Tips for optimizing your learning rate
To optimize your learning rate:
- Experiment with increments (eg, 0.001, 0.01, 0.1), looking for a percentage that consistently reduces cost.
- Start with a very small alpha to ensure consistent cost reduction, then increase gradually.
- Aim for the highest learning rate that still guarantees consistent and rapid cost reduction.
Determining the right moment to stop tilting is a strategic decision. We can choose different final conditions. here are some examples:
- Convergence: We stop when the parameter changes are negligible, indicating proximity to the minimum.
- Fixed number of steps: We set a predetermined number of iterations for practical reasons, especially when computational resources are a constraint.
- Based on threshold: We stop when the cost reduction J falls below a specified threshold, indicating diminishing returns in further iterations.
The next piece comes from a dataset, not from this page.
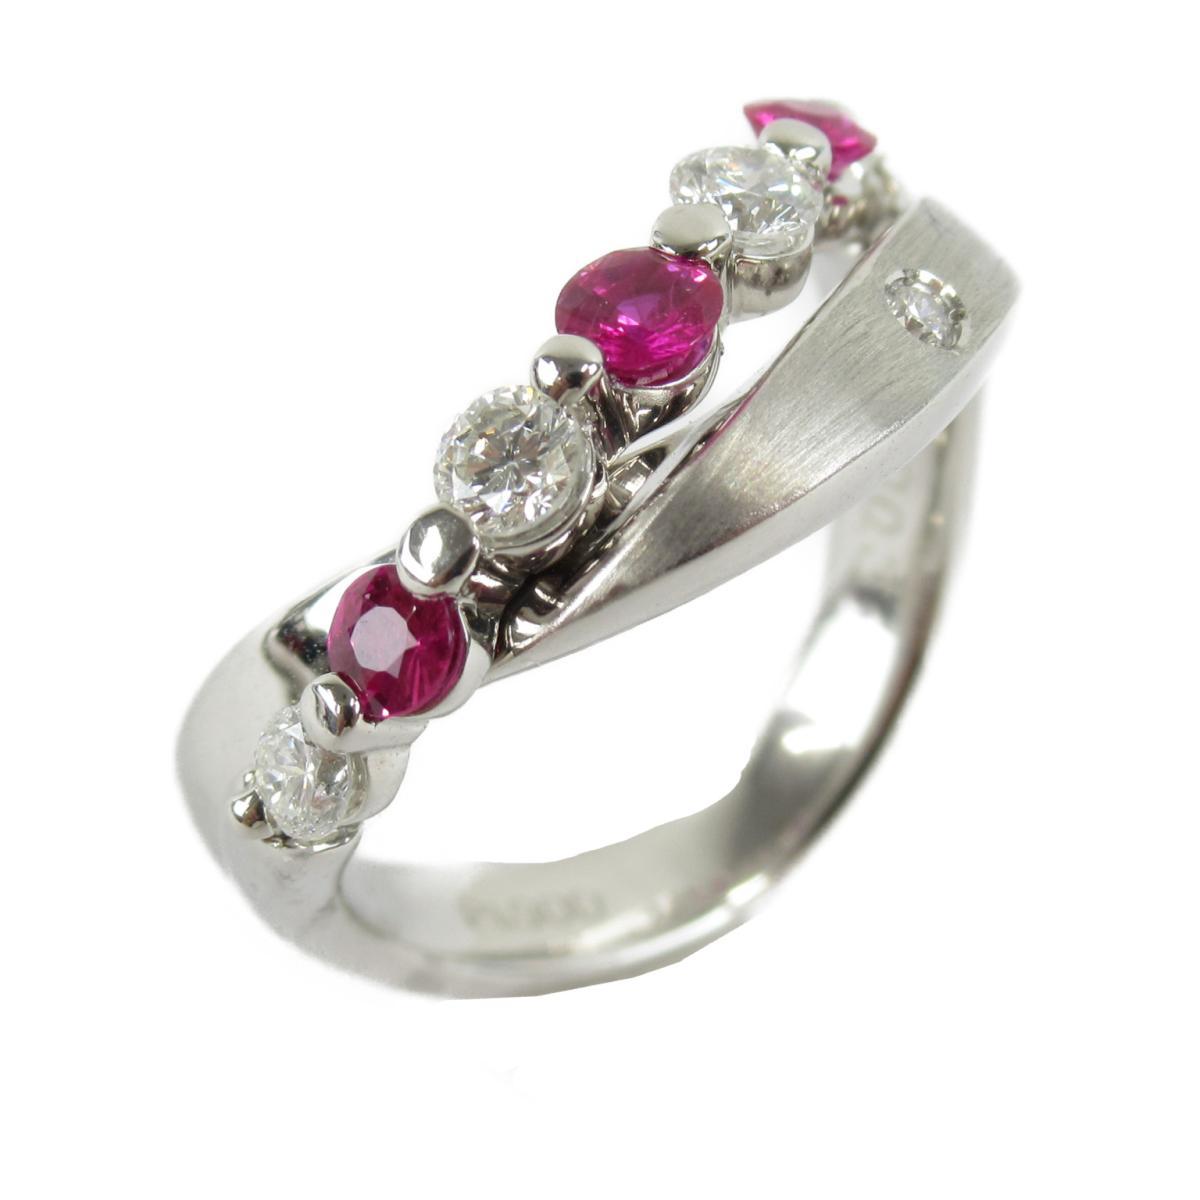 【中古】ジュエリー ルビー ダイヤモンド リング 指輪 ユニセックス PT900 プラチナルビー(0.30)xダイヤモンド(0.33ct)

- Gradient descent optimizes model parameters by iteratively adjusting them based on gradient calculations, aiming to minimize the cost function, J.
- The algorithm involves determining the steepest descent direction using partial derivatives and fitting each parameter with a calculated step size affected by the learning rate (α). The process is repeated until it meets certain end conditions, such as convergence or a fixed number of iterations.
- The choice of learning rate is crucial as it affects the effectiveness of achieving minimum cost.
Gradient descent is a highly versatile algorithm that is applicable to a wide range of machine learning methods, including complex models such as deep learning.
I’m taking Andrew Ng’s machine learning specialization and these learning logs contain some of what I learned from it. It’s a great course. I highly recommend it!